Cominciano le difficoltà fu il pensiero generale, e Michelle intervenne con diplomazia per calmare le acque. — Ma, signori, come potete pensare che esseri deboli come noi possano costituire una minaccia? Sono certa che, per quanto siamo in undici, armati o no, non potremmo mai competere con un solo membro del glorioso clan K’Tchak, non parliamo poi di due! Dovete capire che ci preoccupa l’idea che restino in giro armi capaci di danneggiare lo scafo.
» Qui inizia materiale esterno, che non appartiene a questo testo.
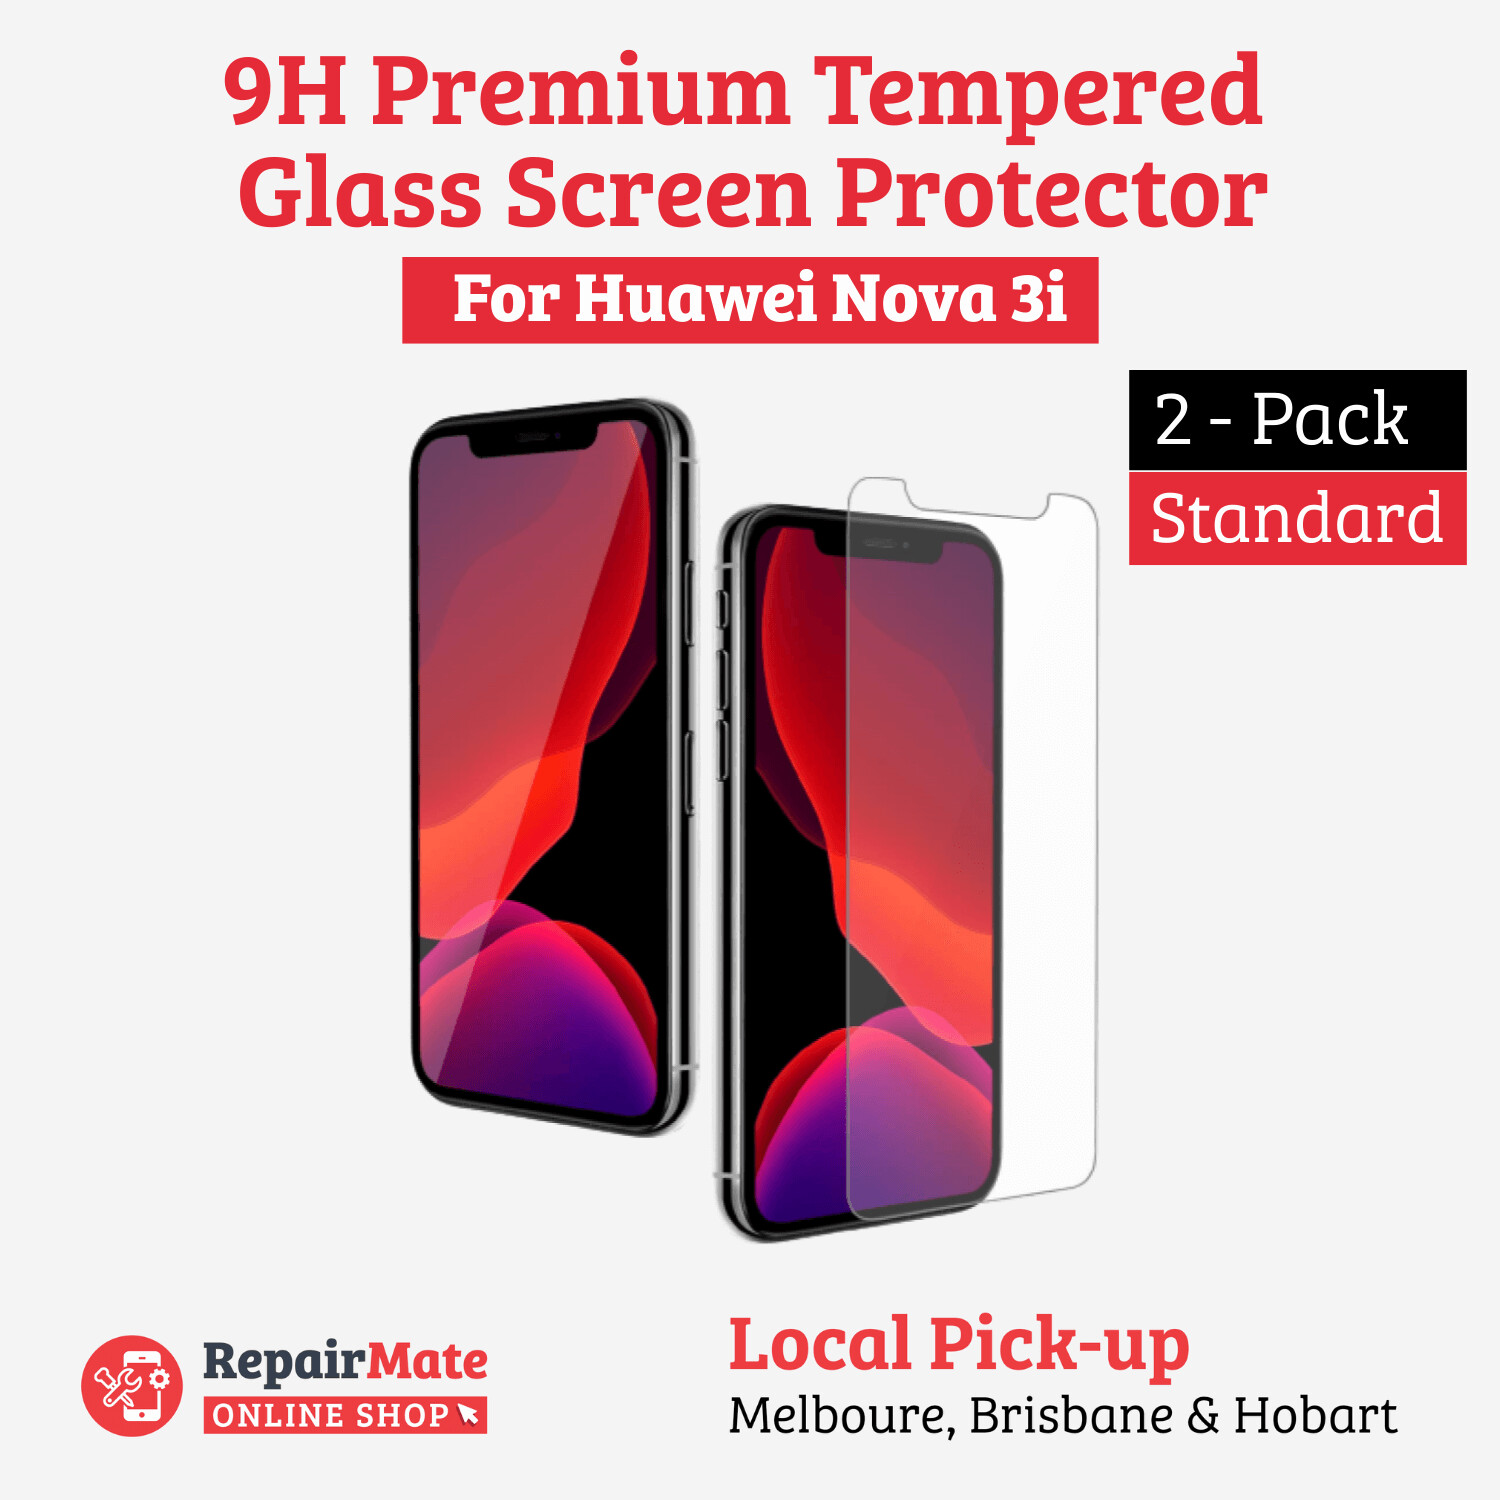 Huawei Nova 3i 9H Premium Tempered Glass Screen Protector [2 Pack]
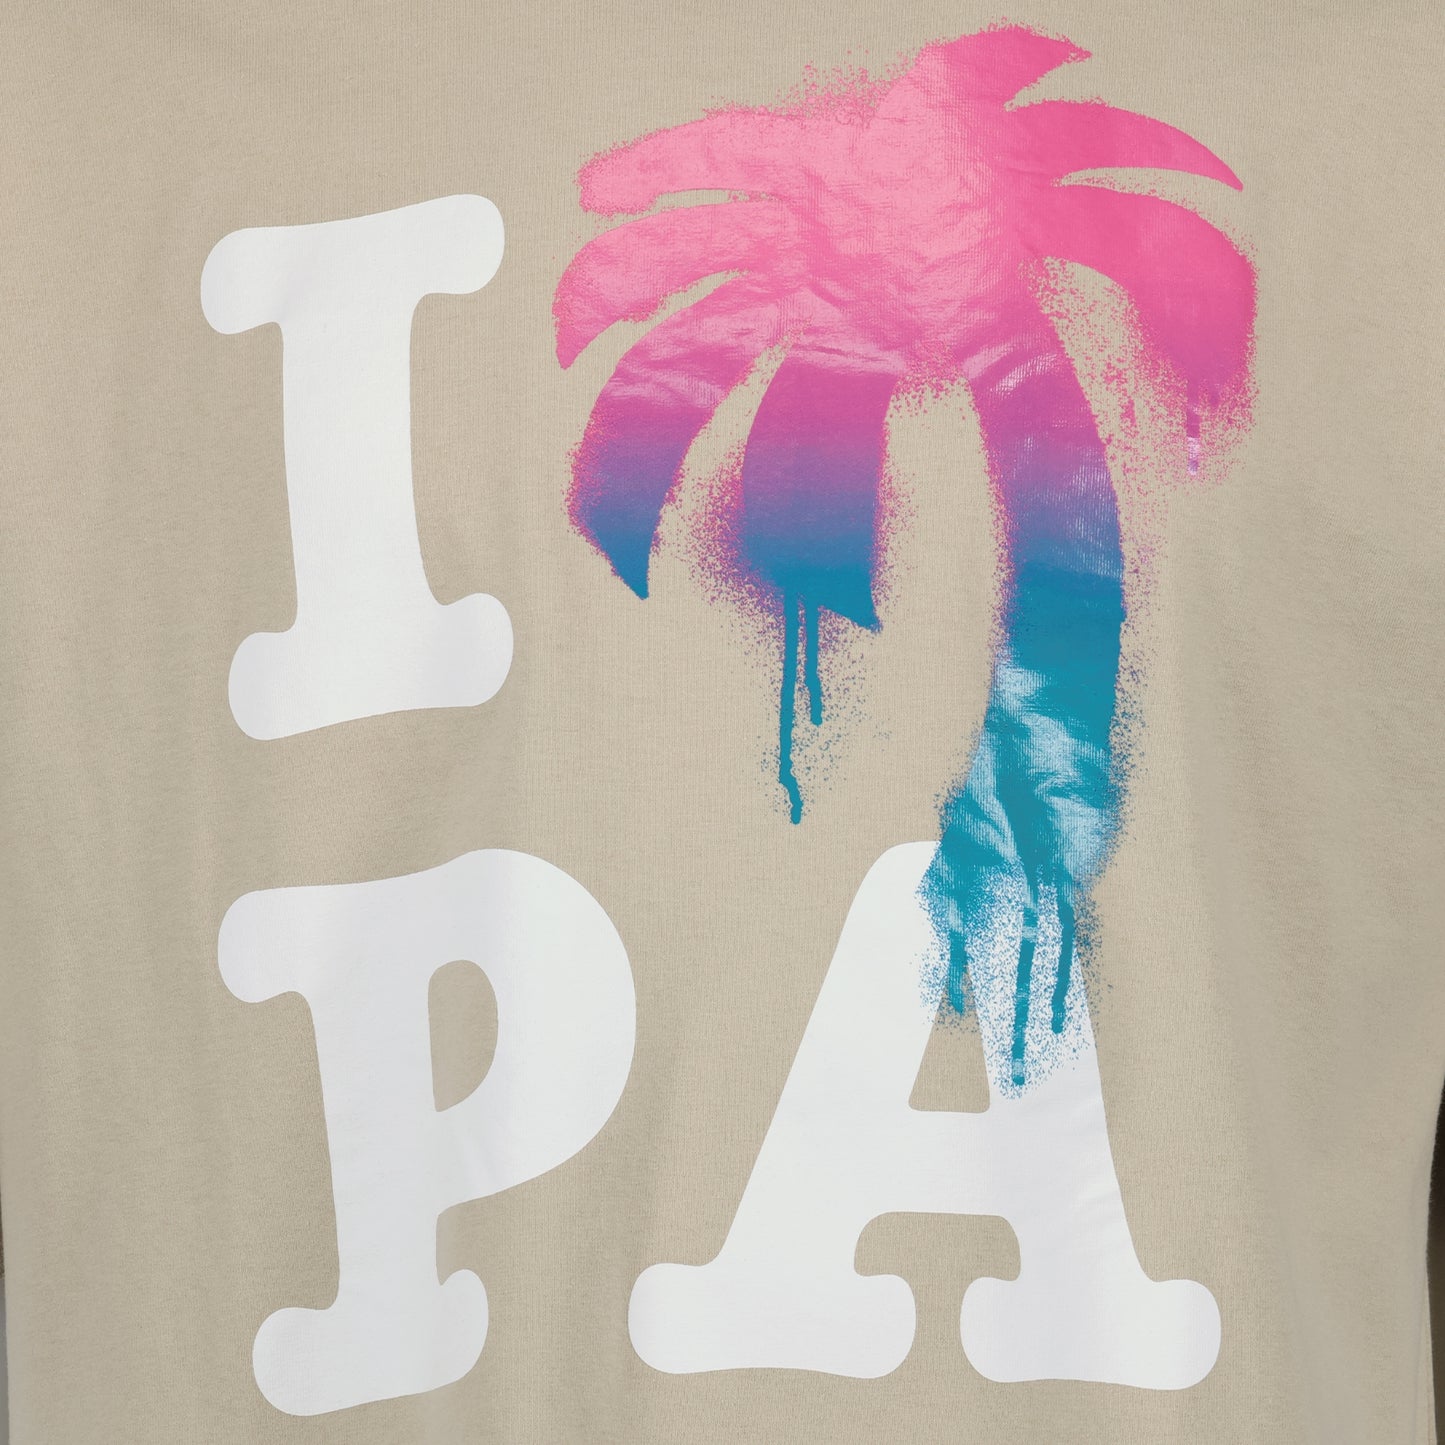 T-shirt I love PA

Il minimo calo di ossigeno potrebbe ucciderci, anche se non sarebbe dannoso per voi.

— A noi non ci sono mai capitati incidenti con le armi — disse K’Stin. — Non avete niente da temere.

— È vero, ma sussiste sempre la possibilità di un guasto meccanico. Inoltre il vostro rito ha lo scopo di sottostare alle fatiche ed esporsi ai pericoli. Non potreste imparare a cavarvela senza armi? Finalmente, con malagrazia e riluttanza, i due consegnarono le armi a energia alla comandante. Ma non per questo si potevano dire disarmati. Frugando nelle sacche per estrarne le pistole a raggi e a proiettili avevano messo insieme anche una collezione di spade, masse, lance pieghevoli, archi, fionde, garrote, coltelli e altri aggeggi capaci di uccidere.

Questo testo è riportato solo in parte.